Santa Fe’s Scheinbaum & Russek Ltd. celebrates forty-five years showcasing 20th-century fine-art photography from masters like Ansel Adams and Edward Weston.

This September, Scheinbaum & Russek Ltd. celebrates forty-five years in 20th-century fine-art photography. David Scheinbaum and Janet Russek, both photographers themselves, describe their gallery as the result of a “series of serendipitous events.”
In 1978, Scheinbaum moved from New York to Santa Fe to work with renowned scholar, curator, and photographer Beaumont Newhall, who is perhaps best remembered today for his seminal 1949 text The History of Photography. Russek joined two years later and began assisting Eliot Porter, a pioneer of color photography.
In a snapshot from around that time, Scheinbaum rests his elbows on Russek’s shoulders and balances a camera on her head. The couple looks as if they can’t stop laughing long enough to force measured smiles. Gradually, the idea of opening a gallery took shape between them.
Scheinbaum & Russek’s first exhibition featured the sculptural photos of Willard Van Dyke, a member of the influential Group f/64 (which furthered the artistry of the medium). As time passed, the gallery expanded to represent not only their early collaborators Newhall and Porter, but also the works of Ansel Adams, Henri Cartier-Bresson, Barbara Morgan, Alfred Stieglitz, and Edward Weston (among others).
Scheinbaum explains, “We didn’t sell much for the first five years. It wasn’t tourists buying work from us, although that happened. In those days, it was artists who appreciated the work we were selling… I think a lot of our longevity has been not just because we’re stubborn, but because we’re both photographers.”
The current iteration of the gallery is located near the end of a long dirt road. Available by appointment, the space is reassuring and intimate. Four leather chairs surround a small table set with fresh coffee, and the walls are lined with prints like La hija de los danzantes (1933) by Manuel Álvarez Bravo.
Their daughter, Andra Russek, now acts as Scheinbaum & Russek’s director. Her expertise in fine-art photography, honed at Swann Galleries and Sotheby’s New York, allows the couple time to focus on creative projects, such as collaborative publications Ghost Ranch: Land of Light (1997), Remnants: Photographs of The Lower East Side (2017), and Images in the Heavens, Patterns on the Earth: The I Ching (2004).
The latter contains images taken over the course of Scheinbaum and Russek’s relationship. Shortly after meeting, he gave her a copy of the I Ching (often translated as Book of Changes), an ancient Chinese divination manual based on chance and the interpretation of visual images. It has been a touchstone ever since.
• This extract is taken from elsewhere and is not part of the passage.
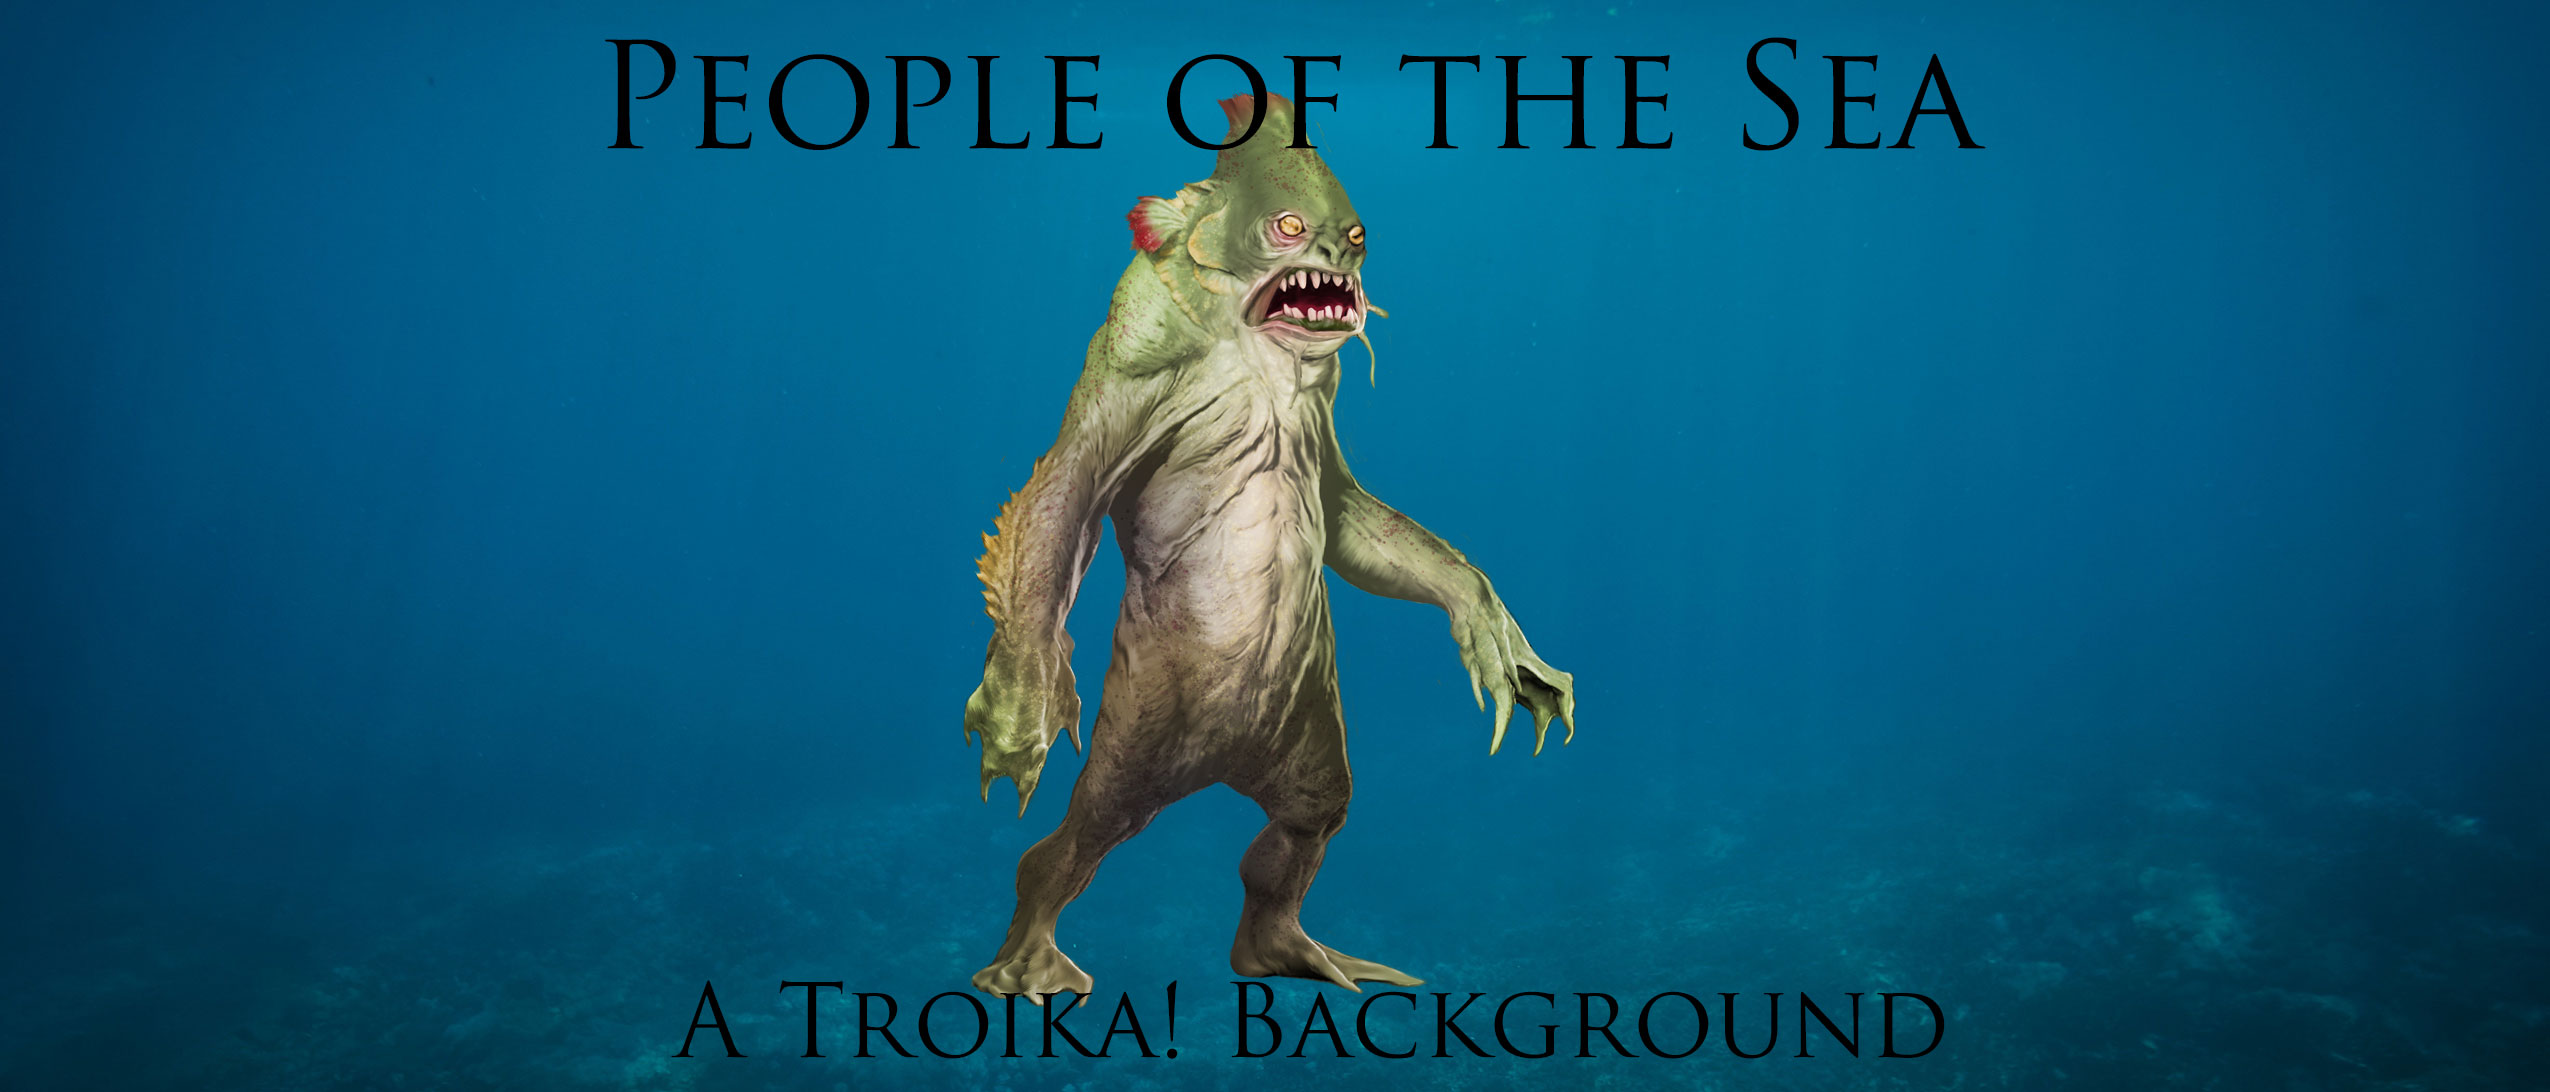 People of the Sea - A Troika! Background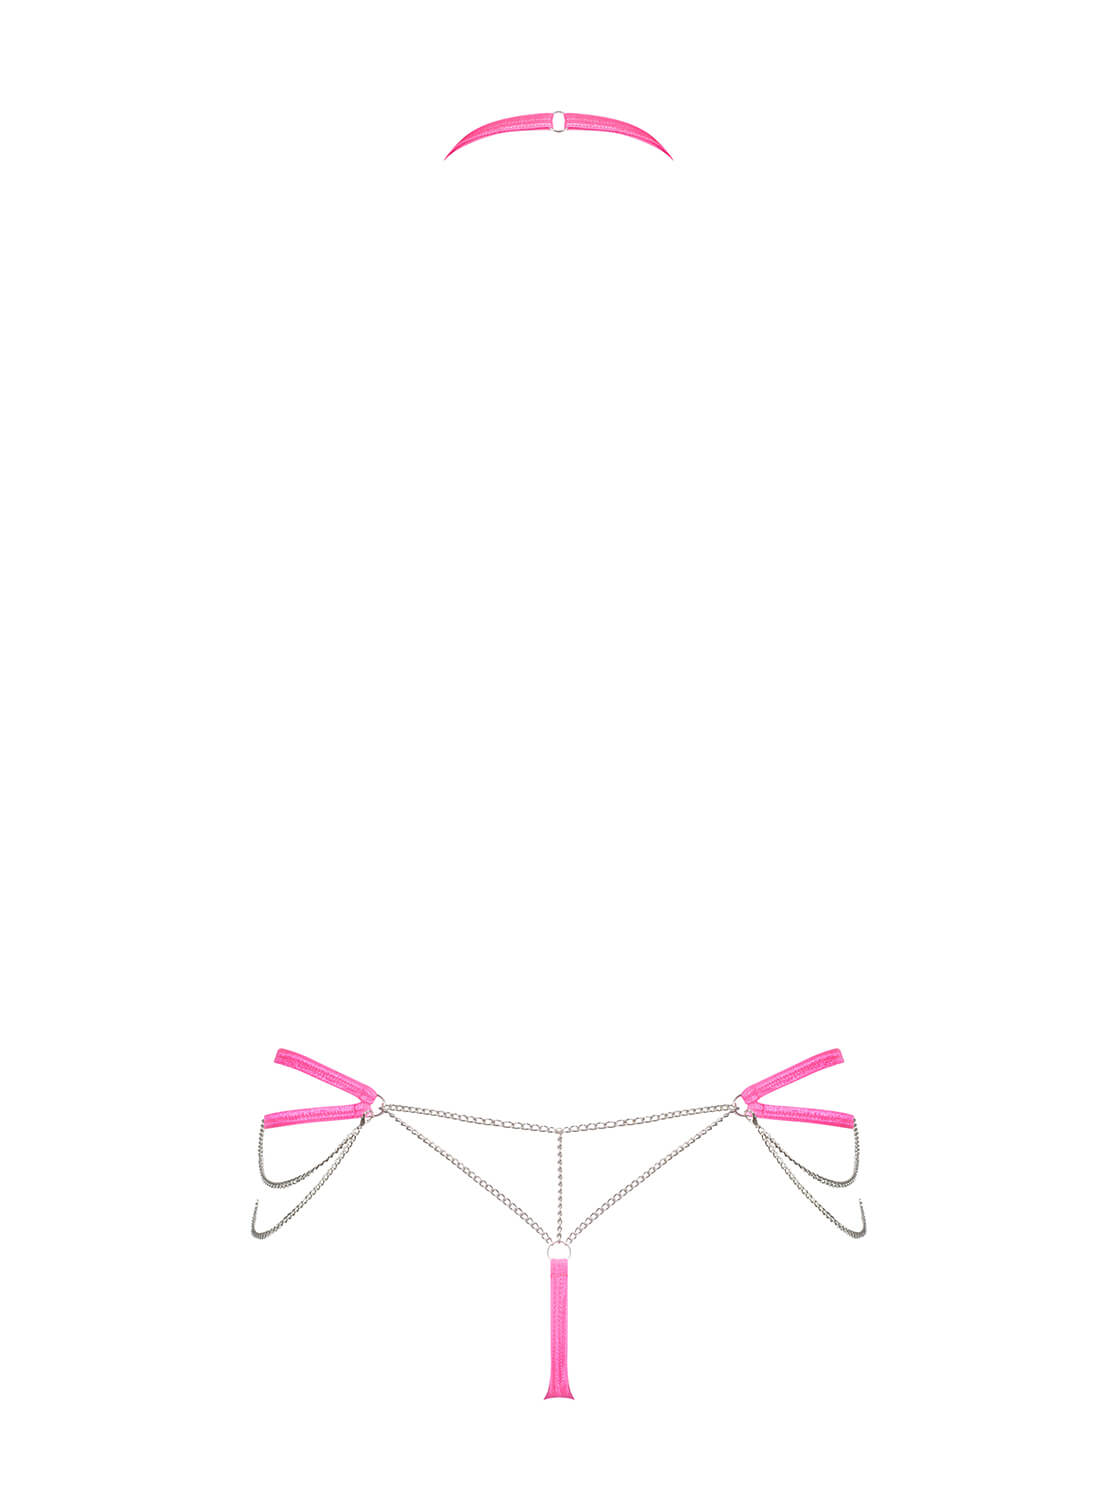 Chainty Set String with double straps in neon pink, which is connected with removable chains to an elastic, adjustable halter neck

As Russek says, “You might ask one question over many years and get the same answer, but how you interpret it is completely different each time, because you apply the answer to your situation at that moment. [The I Ching] allows you to see the same thing in very different ways.”
One might describe Scheinbaum & Russek’s approach to 20th-century fine-art photography along similar lines—by preserving the legacy of foundational artists within a contemporary context, they allow the images to evolve and take on new meanings.